Don’t know who your saw, Lelly, but it sounds as if they were pretty stressed too. I was diagnosed in 2013, and have nothing but praise for the way things were handled by the then Head of Haematology, who took time to explain the details, discussed treatments and prognoses. Care since then, by the specialist nurse on the phone and on my occasional visits, has been good too. But I’m one of the lucky ones; hydroxycarbamide plus aspirin keeps platelets at an acceptable level with no significant side-effects, so don’t know how they would be with more complex cases. Also fortunate to have interested wife, and daughter in next village, to keep me on the straight and narrow. I found that delving into all the scientific information and engaging with MPNvoice and Bloodwise/BloodCancerUK was very useful, but that’s a reflection of a lifetime’s career.

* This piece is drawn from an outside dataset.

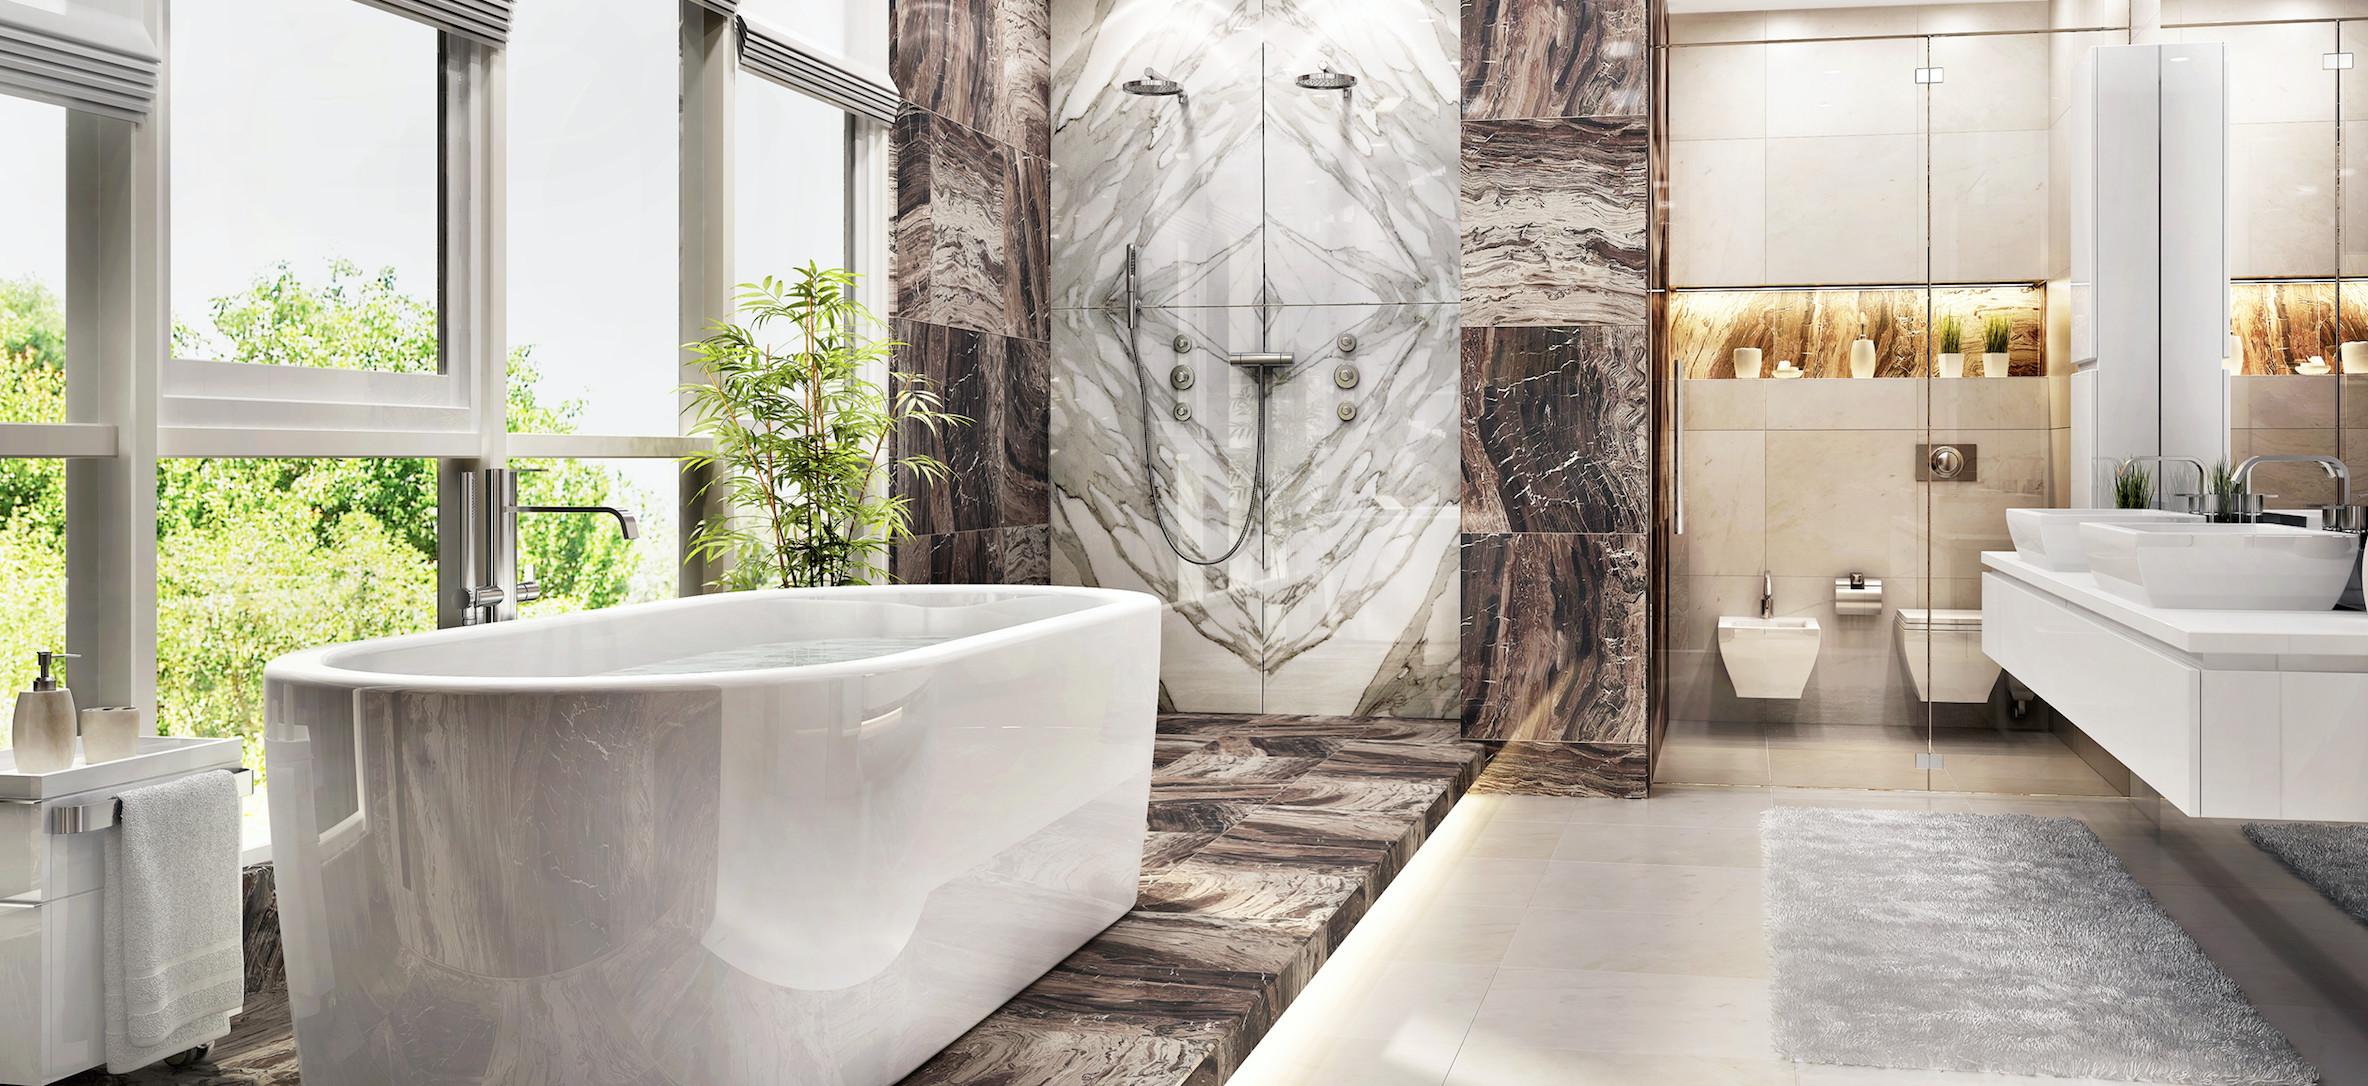 Master Bathroom Size  Size Matters Five Top Bathroom Trends
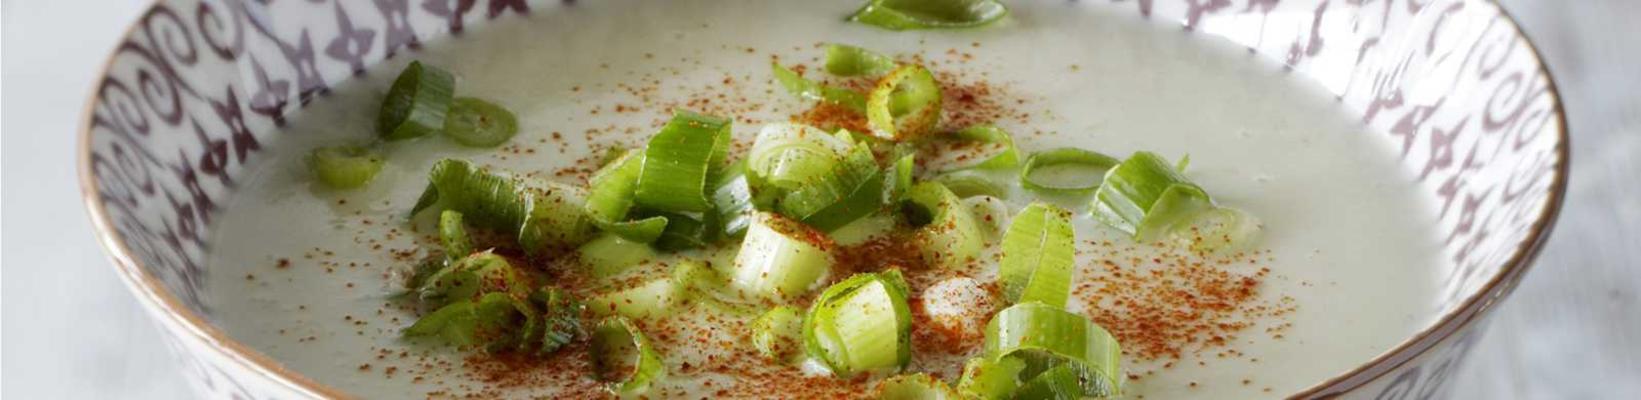 celeriac soup with red onion crostini

One minor positive of COVID; I had to attend ARI daily in Jan/Feb for radiotherapy for prostate cancer (yes, I know, a bit greedy having two forms of cancer!) and at least the pandemic kept most of the traffic off the roads, so the B999 was an easy drive.
Happy to talk if it would be any help.
Hi
Thank you so much Nichola your comments are much appreciated.
My family is my sister and she has her work cut out with her own daughter and helping to support her and 3 Grandchildren.
Yes I have seen her a couple of times and had a lunch in the garden with my poor niece so it helped…
I do feel for everyone and find there is a huge gap in information or professional support which seems to depend very much on where one lives…
My concern is that every other pain or discomfort can too easily be put down to my ET and it becomes a blanket for anything else that may be going on…
No I am not neurotic or a hypochondriac but have had various odd “things” for which I can find no explanation…I wonder if others feel that way?
Yes my dog ( sadly lost one in May) is a great pal and we are looking forward to welcoming another older boy to our home very soon…
I you are well and coping in these difficult times…
Lelly.
Hi DickM
Am sorry to hear you’ve had a double whammy to deal with and appreciate how stressful that must be for you.
Thank you for your kind words. I think all NHS should be praised and taking that and the stressful times they have worked and are working in into consideration, I still feel my Haemotologist gave me the minimum of advice or help in fact my GP said he “fobbed” you off when I saw her regarding headaches at the behest of my Haemotologist.
I do appreciate the groups you have mentioned and agree they are very helpful…
hopefully you are getting all the support and help you need and I send my best wishes to you…
Lelly.
Hello Erica
I’ve just been diagnosed with B cell Lymphoma again. I first got it 14 years ago and had R-CHOP. One thing I did notice was that when my hair fell out other people were at a complete loss as to what to say. To my amusement the only thing they could come up with was ‘Oh, what a nice shaped head you’ve got!’
Laura
Hi @LauraMM and welcome to the forum. Wow, 14 years. Have you been on active monitoring or was treatment successful 14 years ago. How are you feeling about things?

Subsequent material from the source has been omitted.